Stockholm-based podcast giant Acast has introduced an ad-buying system called Smart Recommendations. It’s an AI-powered search engine for advertisers, and it delivers recommendations of podcasts consumed by audience segments targeted by the advertiser.
The system is capable of granular requests for highly defined audiences; the PR offers this example:
Smart Recommendations acts like an AI media planner — turning a simple prompt like “I want to reach women in Canada interested in investing” into a curated list of high-fit podcasts.
Acast promises “unmatched precision in audience targeting.”
Four key features are detailed:
- Natural language prompts: Advertisers can simply describe their target audience in plain language.
- Advanced semantic search: The system understands the intent behind a query, including context and related concepts. It can extrapolate from a prompt and apply a deeper level of nuance.

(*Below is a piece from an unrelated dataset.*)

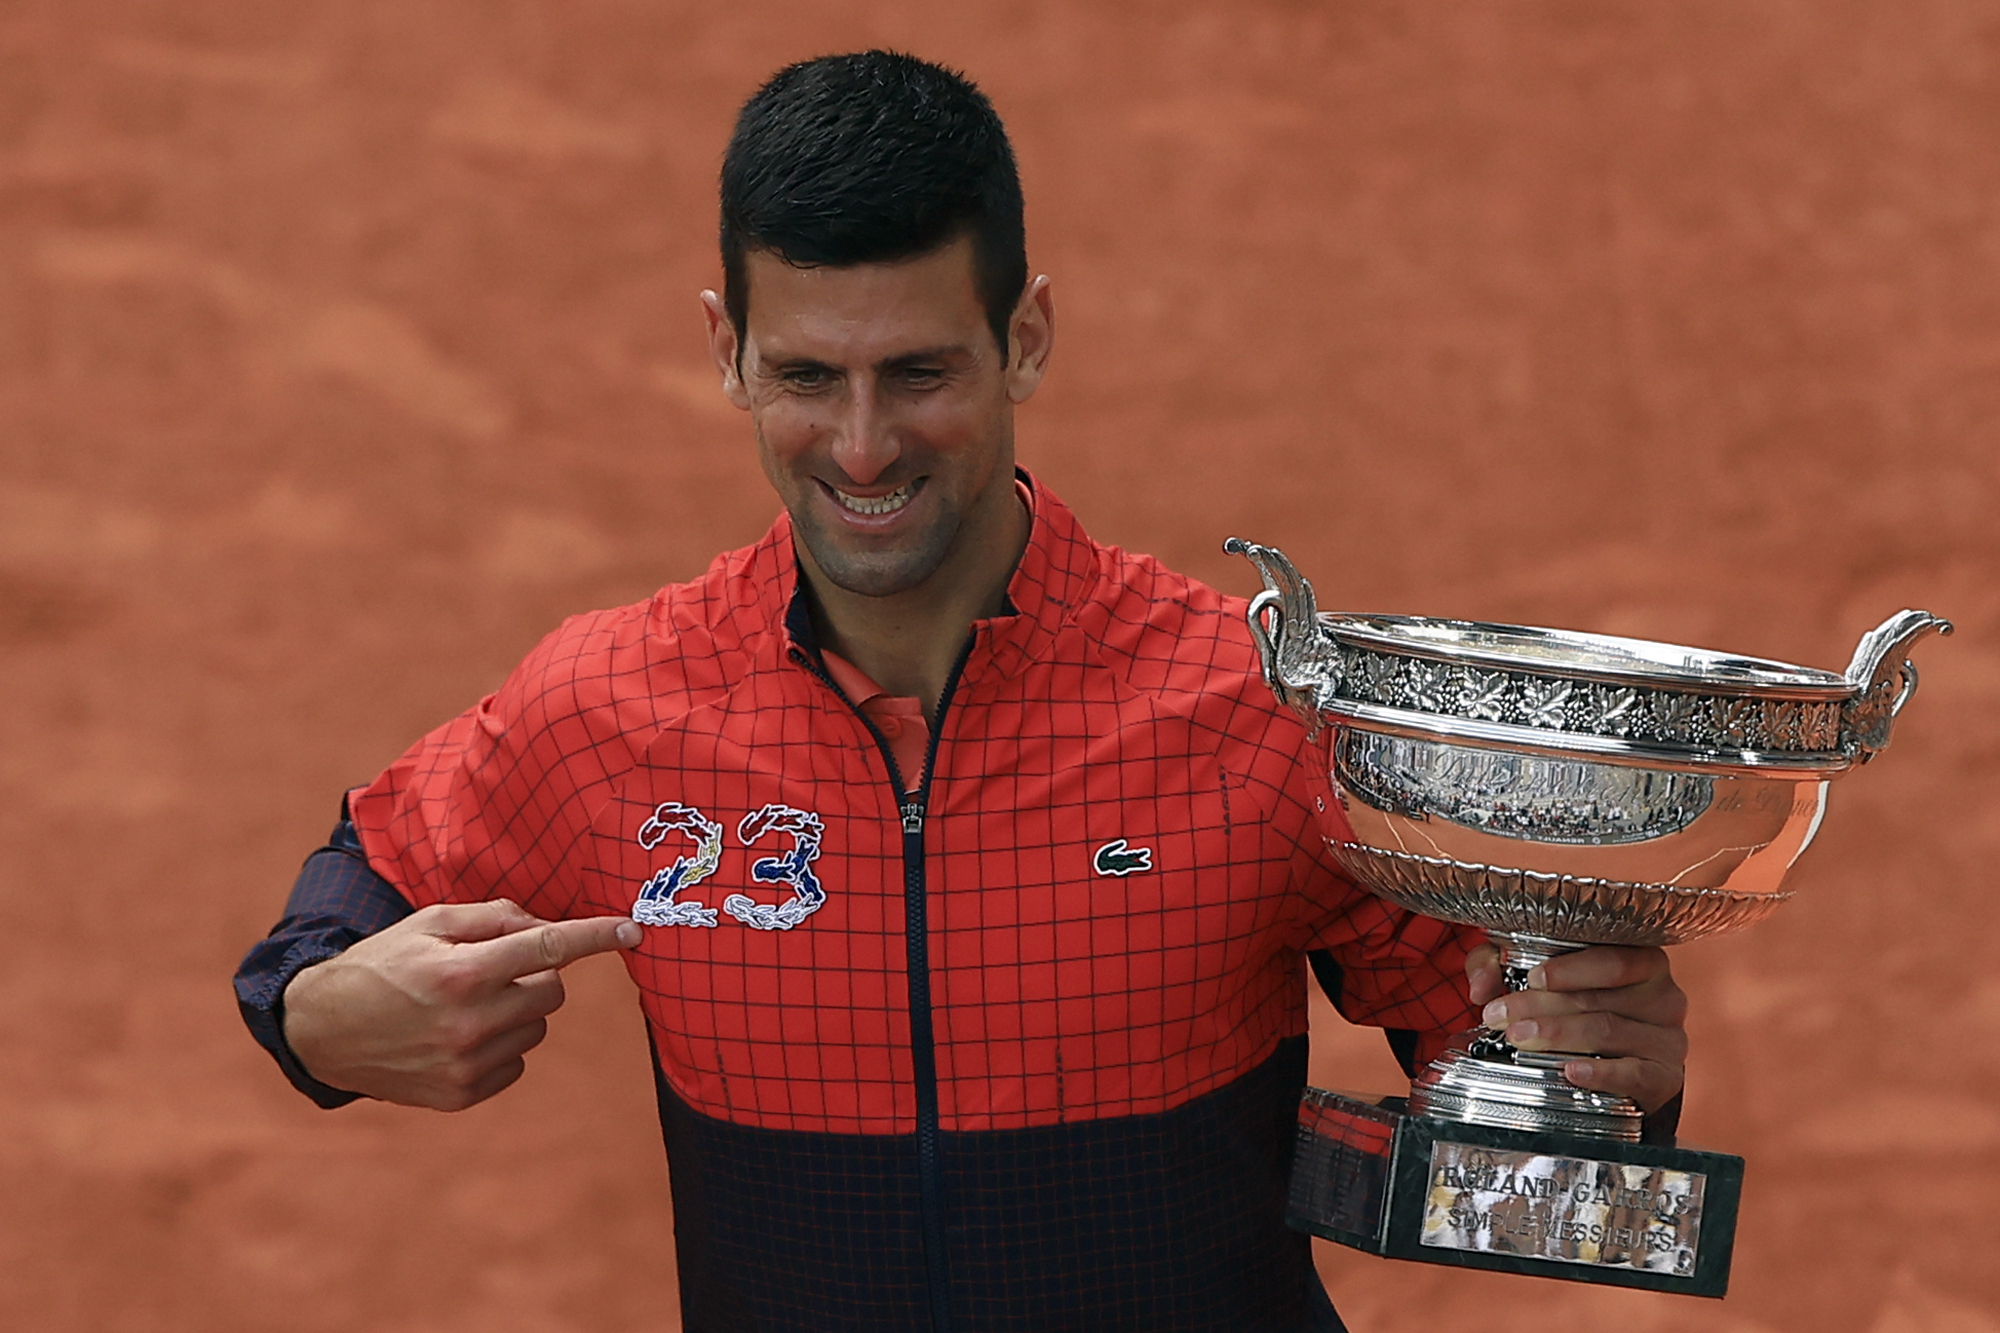 Serbia's Novak Djokovic holds the trophy as he celebrates winning the men's singles final match of the French Open tennis tournament against Norway's Casper Ruud in three sets, 7-6, (7-1), 6-3, 7-5, at the Roland Garros stadium in Paris, Sunday, June 11, 2023. Djokovic won his record 23rd Grand Slam singles title, breaking a tie with Rafael Nadal for the most by a man.

- Rich show insights: Recommendations are based on deep analysis of podcast content, audience demographics, engagement, tone, and style.
- Transparent recommendations: Every suggestion is accompanied by detailed explanations of why it was chosen, helping advertisers make informed decisions.
Testing has proceeded with seleced customers, yielding “very promising results” across about 200 campaign briefs. Eighty percent of ad buyers discovered previously unconsidered podcasts for their campaigns. Acas reports double-digit improvemens in median purchase rate and median visit rate. (hose numbers come from Podscribe.)
“This is more than just a search engine; it’s a powerful tool that transforms data into campaign success, ultimately helping advertisers maximize their podcast ad ROI with AI,” MacDonald added. “Smart Recommendations is the next step in our vision to become the intelligence layer powering podcast advertising globally, offering AI-powered podcast recommendations that truly deliver.” — Matt MacDonald, Chief Product Officer for Acast.